#### [Activity]
Reproduce the listing that follows character for character, excluding its pictures.

#### [Provided material]
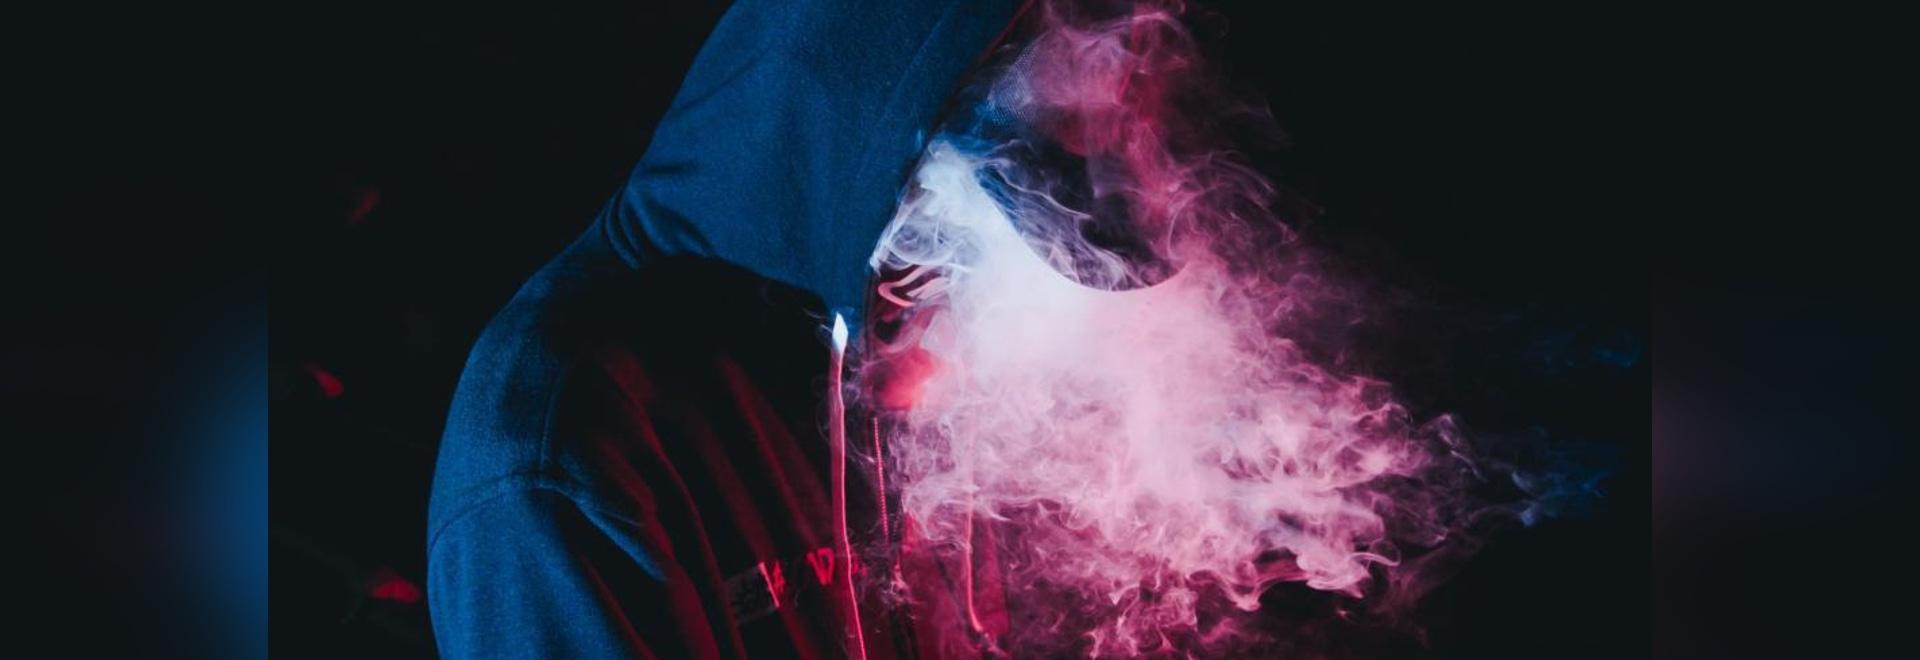 Il marketing delle e-sigarette associato alla successiva sperimentazione tra i giovani
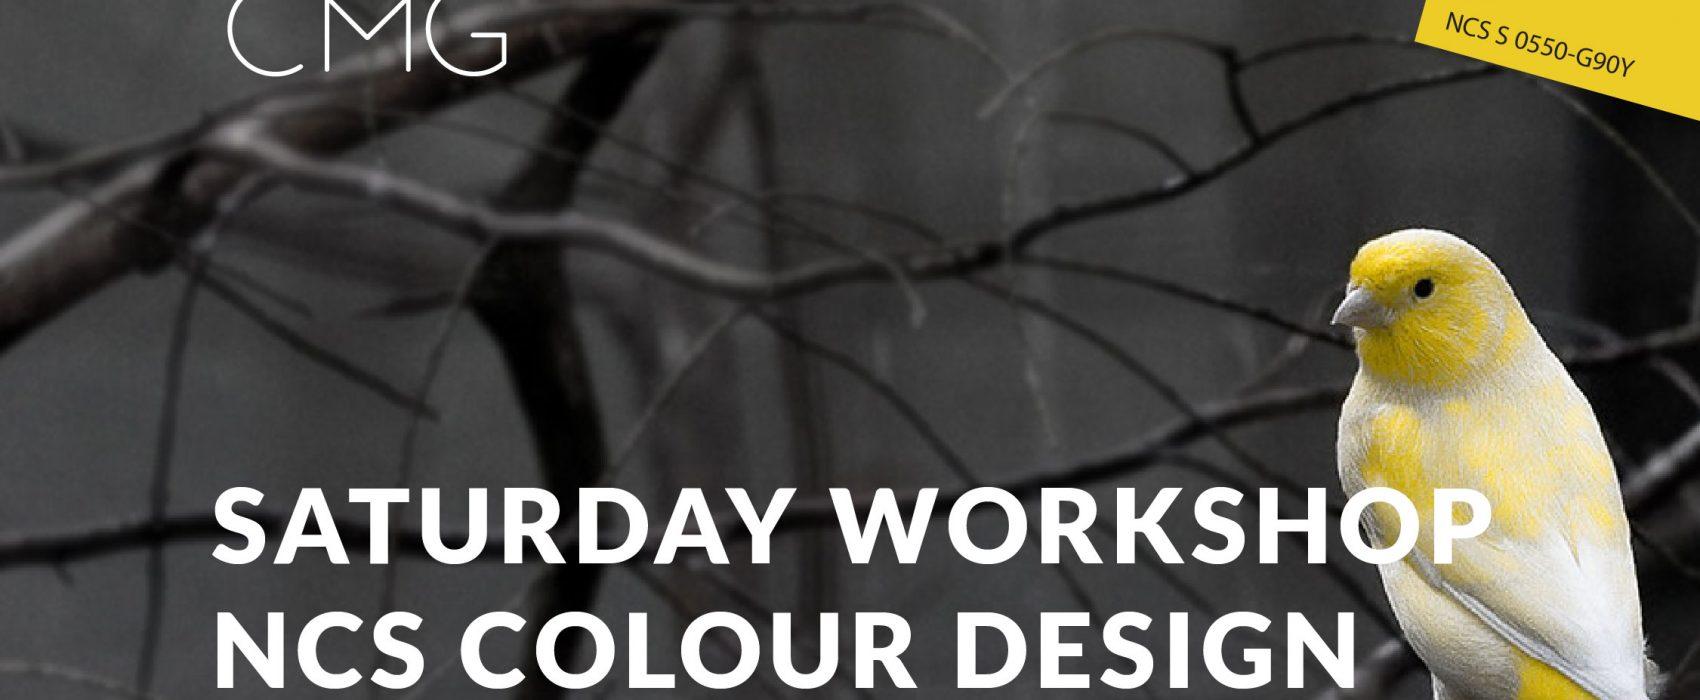 NCS Colour Design
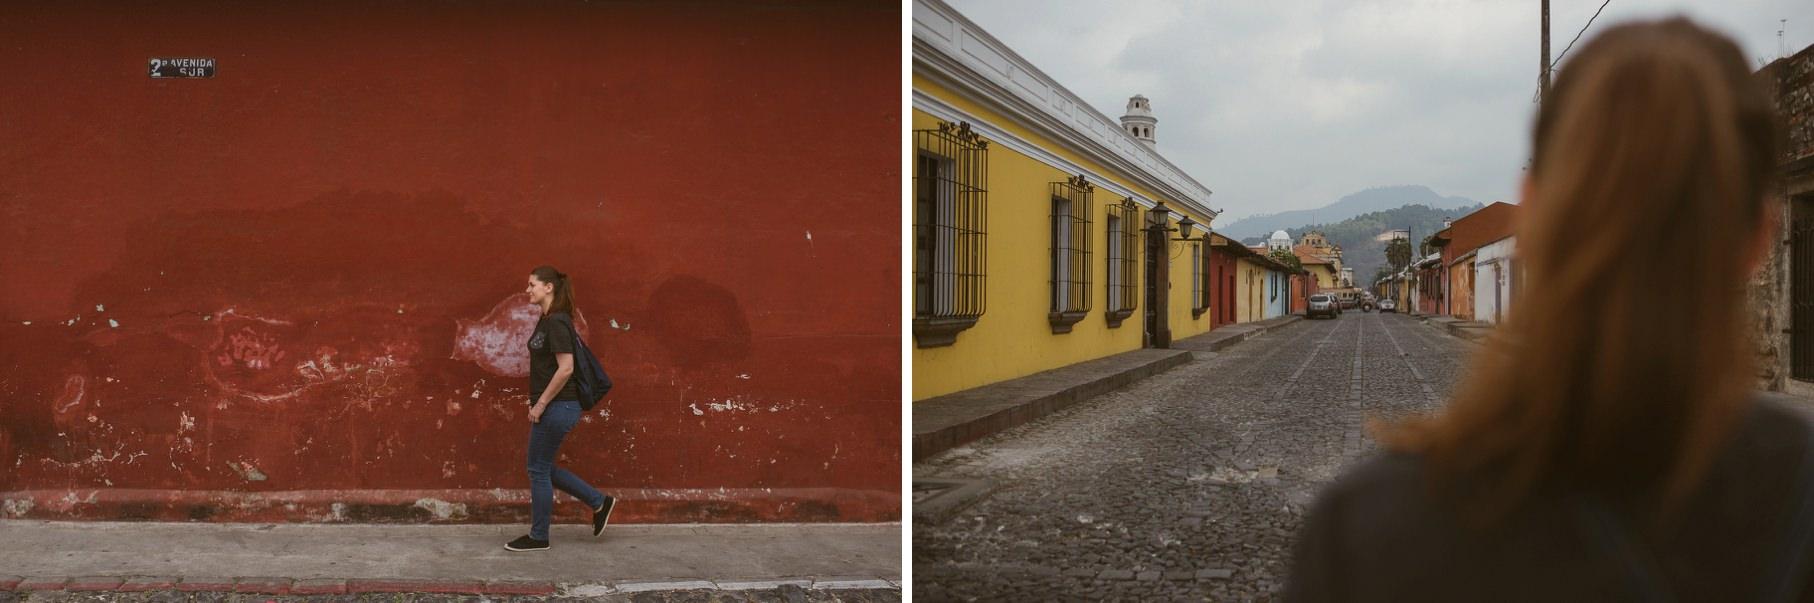 0003 anne und bjoern guatemala 811 2211 - 4 Wochen durch Guatemala - backpacking durch Mittelamerika

#### [Response]
 Il marketing delle e-sigarette associato alla successiva sperimentazione tra i giovani
 NCS Colour Design
 0003 anne und bjoern guatemala 811 2211 - 4 Wochen durch Guatemala - backpacking durch Mittelamerika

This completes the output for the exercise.